→ Exercise brief
All that is wanted is the line with "Hot Pink Resham Georgette Churidar Suit" and each line after it to the end of the data below, set down exactly and without pictures.

→ Stored data
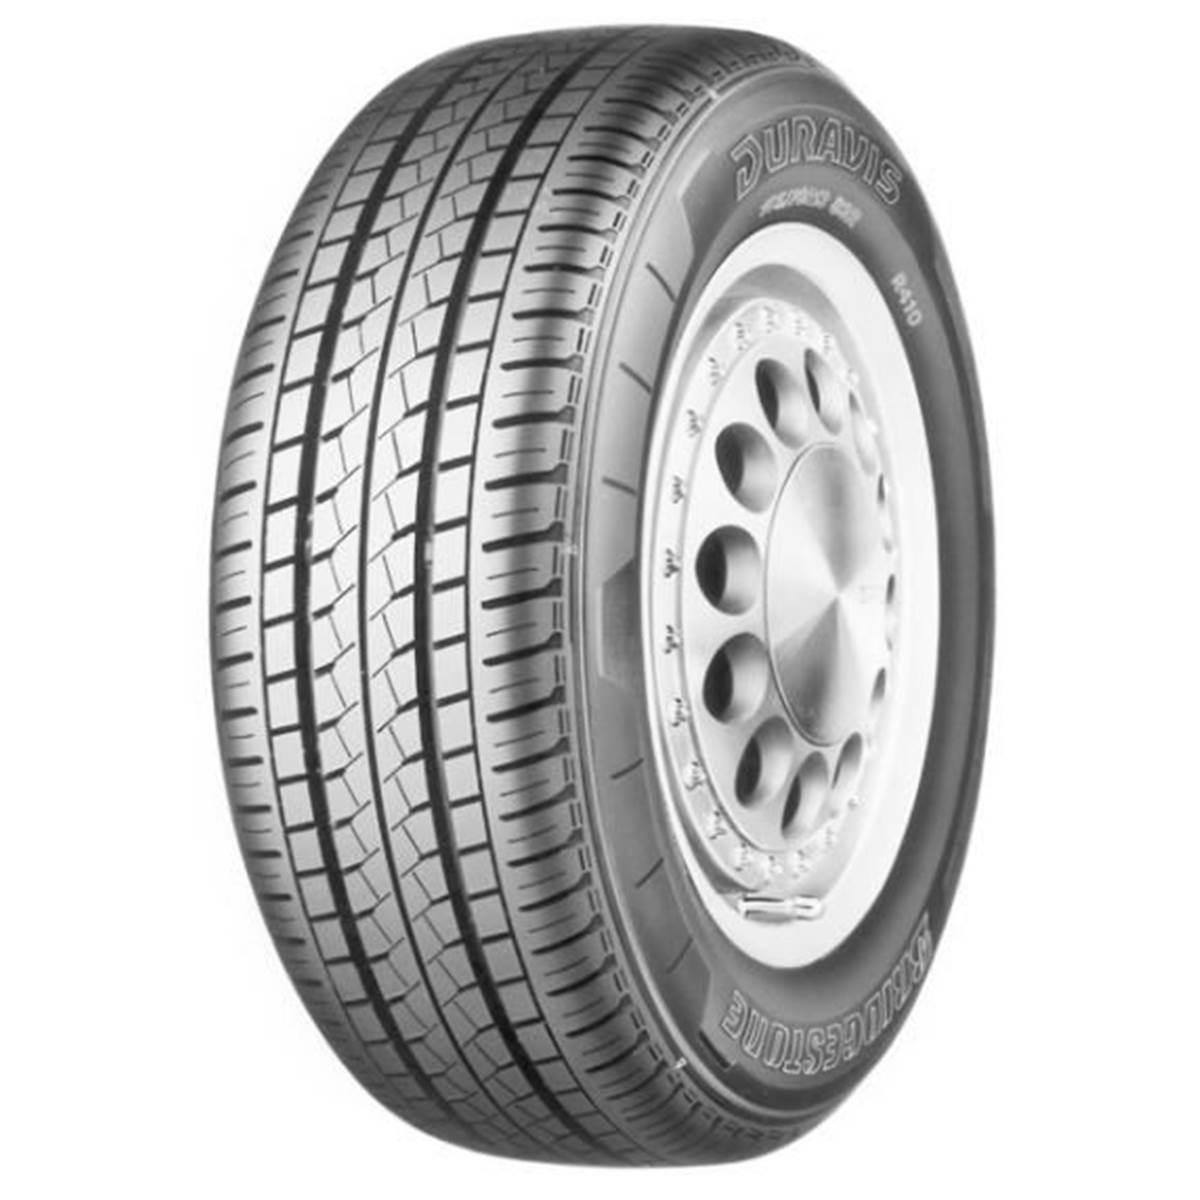 Pneu Bridgestone 185/65R15 92T Duravis R410
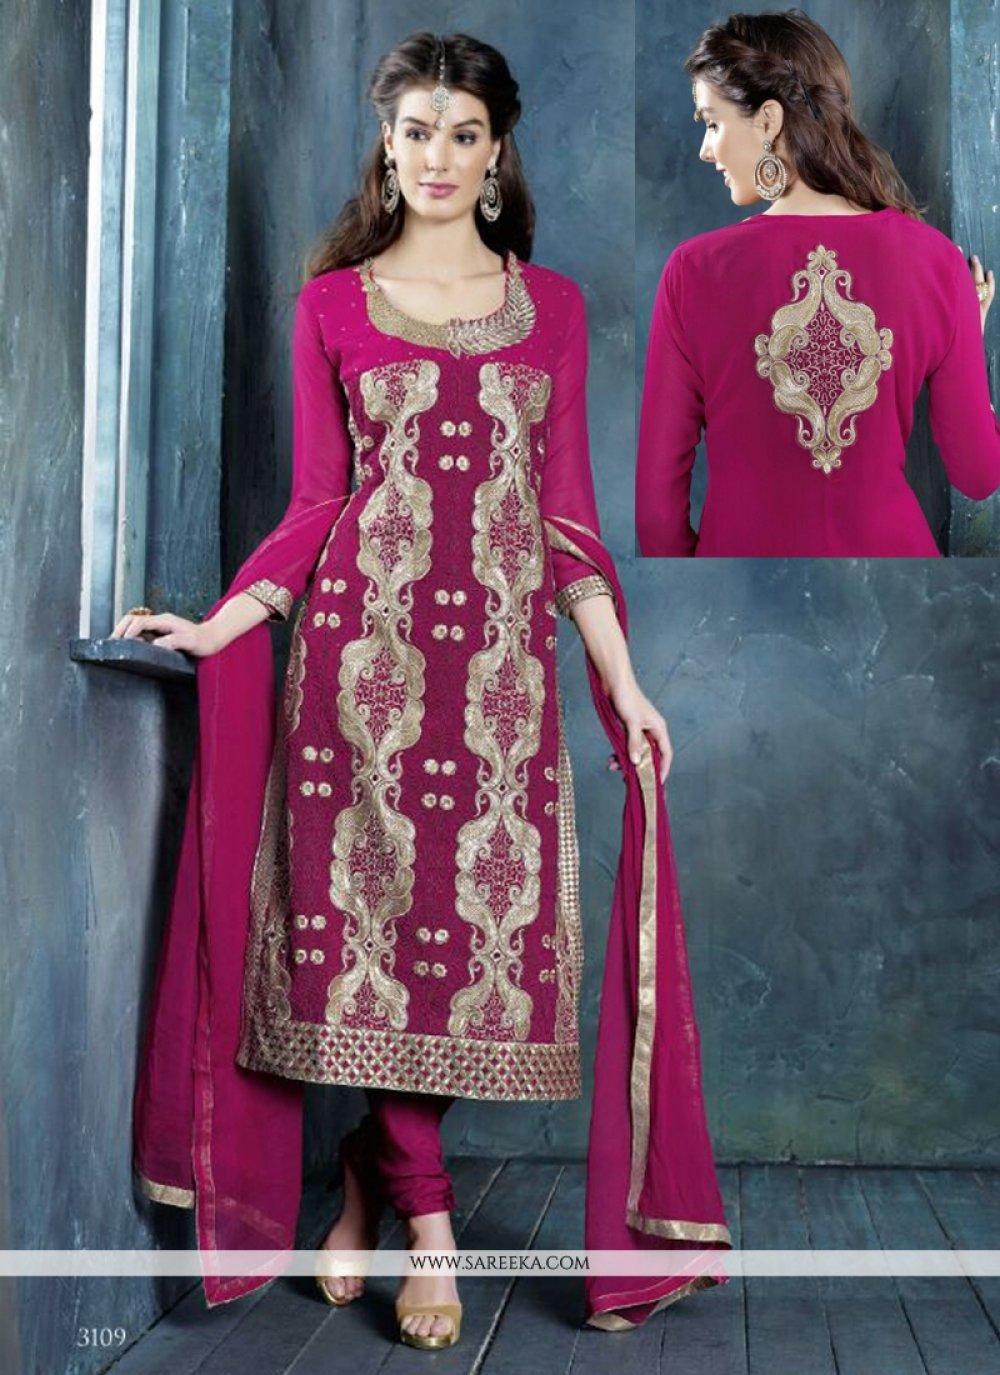 Hot Pink Resham Georgette Churidar Suit
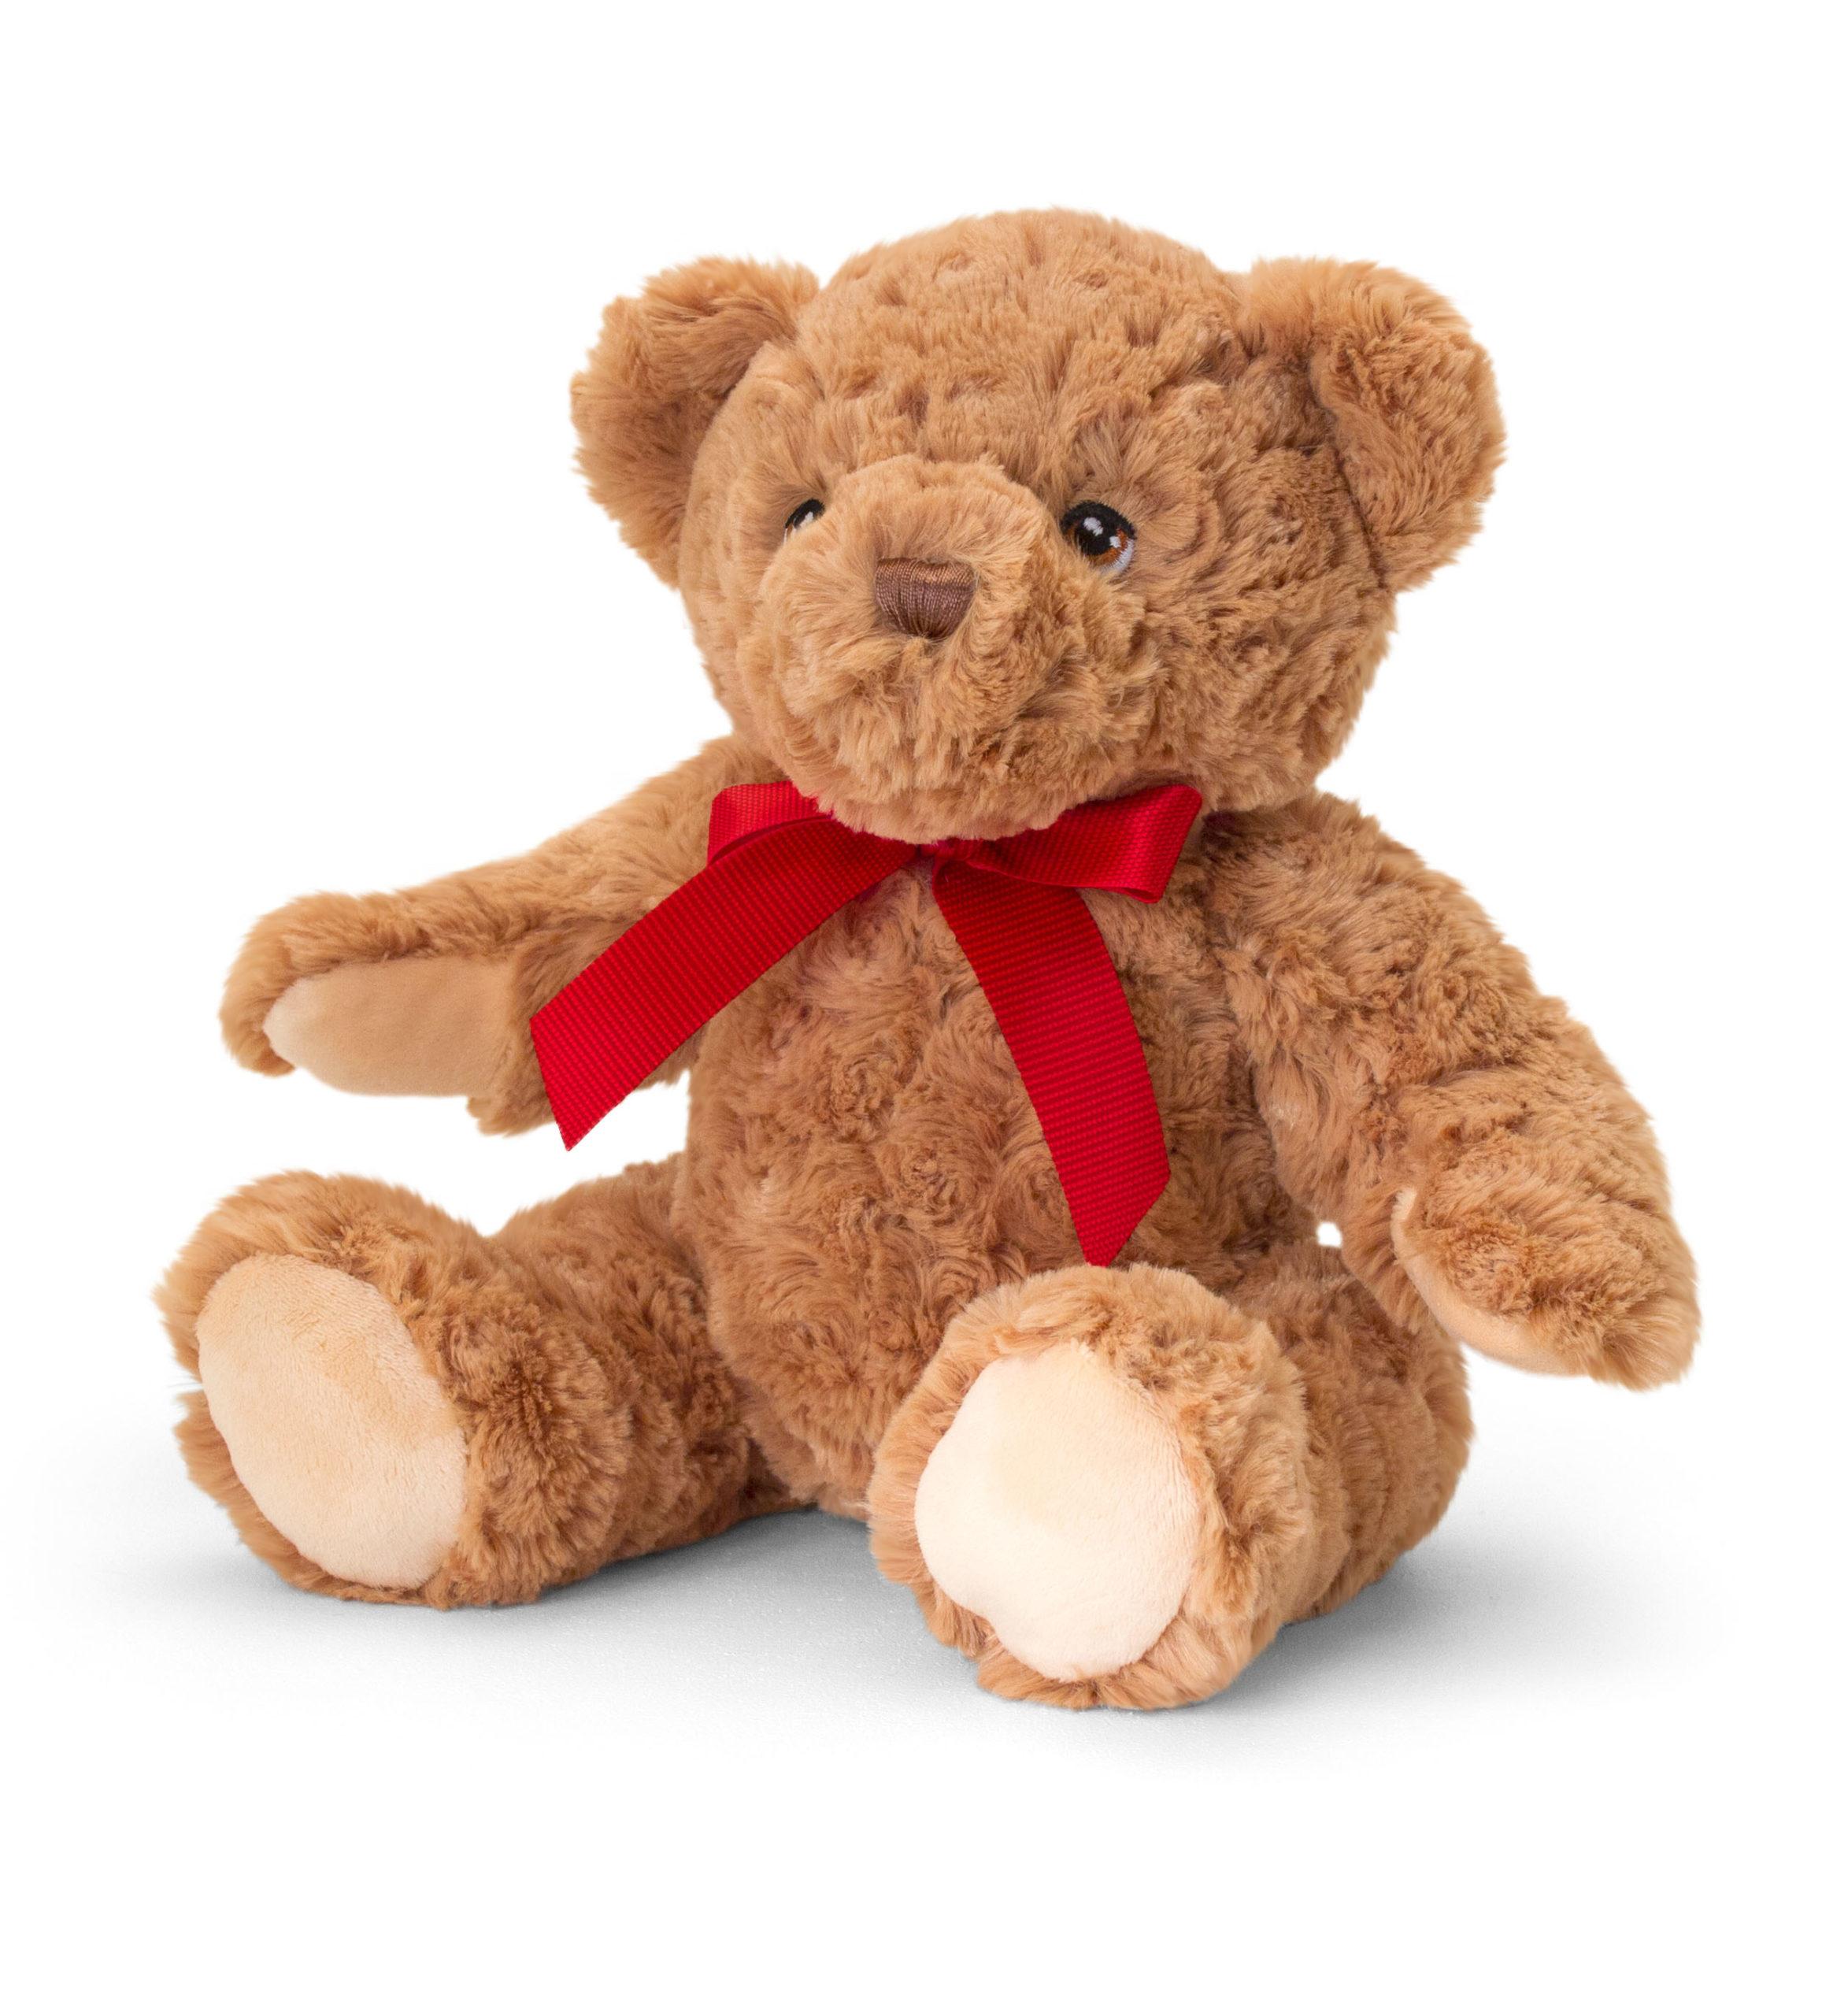 20cm Keeleco Teddy
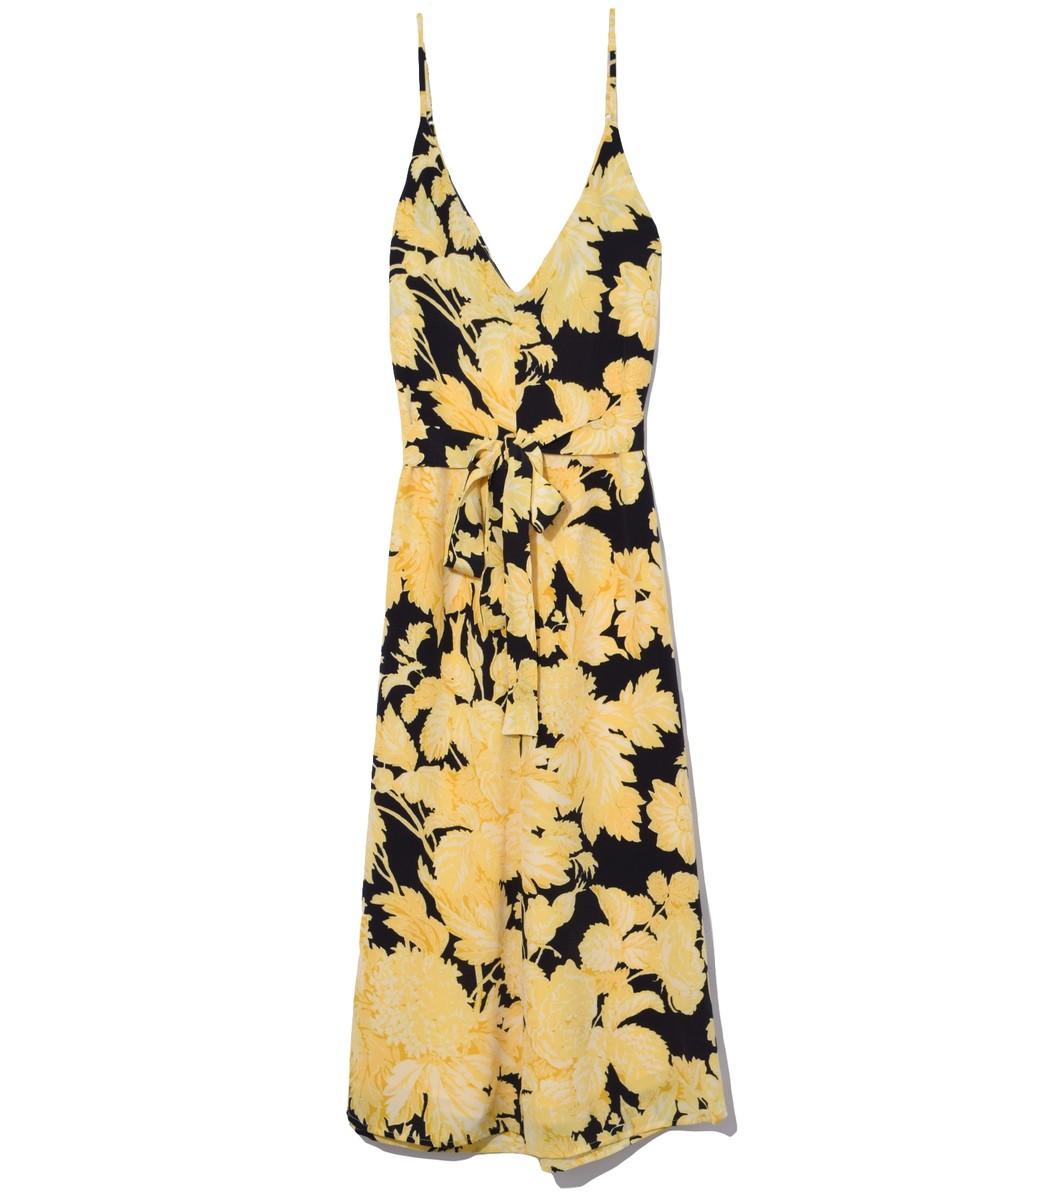 Stine Goya Gianna Slip Dress in Hortensia Dark

→ Task response
 Hot Pink Resham Georgette Churidar Suit
 20cm Keeleco Teddy
 Stine Goya Gianna Slip Dress in Hortensia Dark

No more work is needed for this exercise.